> What the exercise asks
Below are records. Copy every line with "from" in it.
(Data for this task Opens)
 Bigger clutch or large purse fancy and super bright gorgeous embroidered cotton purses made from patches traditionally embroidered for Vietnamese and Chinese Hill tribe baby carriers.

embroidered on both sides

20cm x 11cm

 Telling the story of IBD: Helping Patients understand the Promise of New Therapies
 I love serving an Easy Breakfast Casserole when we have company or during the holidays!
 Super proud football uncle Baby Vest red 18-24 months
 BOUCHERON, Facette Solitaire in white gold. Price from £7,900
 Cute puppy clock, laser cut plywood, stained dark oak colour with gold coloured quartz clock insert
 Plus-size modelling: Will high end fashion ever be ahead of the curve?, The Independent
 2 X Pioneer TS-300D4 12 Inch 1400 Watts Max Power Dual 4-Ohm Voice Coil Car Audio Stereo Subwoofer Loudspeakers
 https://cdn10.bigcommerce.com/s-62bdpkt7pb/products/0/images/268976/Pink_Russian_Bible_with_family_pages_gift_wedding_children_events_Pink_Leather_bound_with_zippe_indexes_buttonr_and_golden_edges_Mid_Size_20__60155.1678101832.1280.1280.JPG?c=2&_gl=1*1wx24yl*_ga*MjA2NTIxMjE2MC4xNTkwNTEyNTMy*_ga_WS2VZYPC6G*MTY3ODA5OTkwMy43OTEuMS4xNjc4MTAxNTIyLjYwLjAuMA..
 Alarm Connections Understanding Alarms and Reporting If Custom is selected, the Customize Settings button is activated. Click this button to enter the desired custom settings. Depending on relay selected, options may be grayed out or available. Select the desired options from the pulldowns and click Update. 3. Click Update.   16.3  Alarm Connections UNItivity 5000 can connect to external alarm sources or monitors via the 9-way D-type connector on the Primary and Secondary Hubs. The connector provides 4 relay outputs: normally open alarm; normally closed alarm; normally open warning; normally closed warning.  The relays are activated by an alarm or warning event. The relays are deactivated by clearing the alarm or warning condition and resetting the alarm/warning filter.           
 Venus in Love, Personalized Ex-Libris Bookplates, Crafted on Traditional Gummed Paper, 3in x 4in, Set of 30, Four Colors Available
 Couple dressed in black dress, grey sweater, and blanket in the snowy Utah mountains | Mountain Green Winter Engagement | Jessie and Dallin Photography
(Data for this task Closes)
> Worked solution
 Bigger clutch or large purse fancy and super bright gorgeous embroidered cotton purses made from patches traditionally embroidered for Vietnamese and Chinese Hill tribe baby carriers.
 BOUCHERON, Facette Solitaire in white gold. Price from £7,900
 Alarm Connections Understanding Alarms and Reporting If Custom is selected, the Customize Settings button is activated. Click this button to enter the desired custom settings. Depending on relay selected, options may be grayed out or available. Select the desired options from the pulldowns and click Update. 3. Click Update.   16.3  Alarm Connections UNItivity 5000 can connect to external alarm sources or monitors via the 9-way D-type connector on the Primary and Secondary Hubs. The connector provides 4 relay outputs: normally open alarm; normally closed alarm; normally open warning; normally closed warning.  The relays are activated by an alarm or warning event. The relays are deactivated by clearing the alarm or warning condition and resetting the alarm/warning filter.           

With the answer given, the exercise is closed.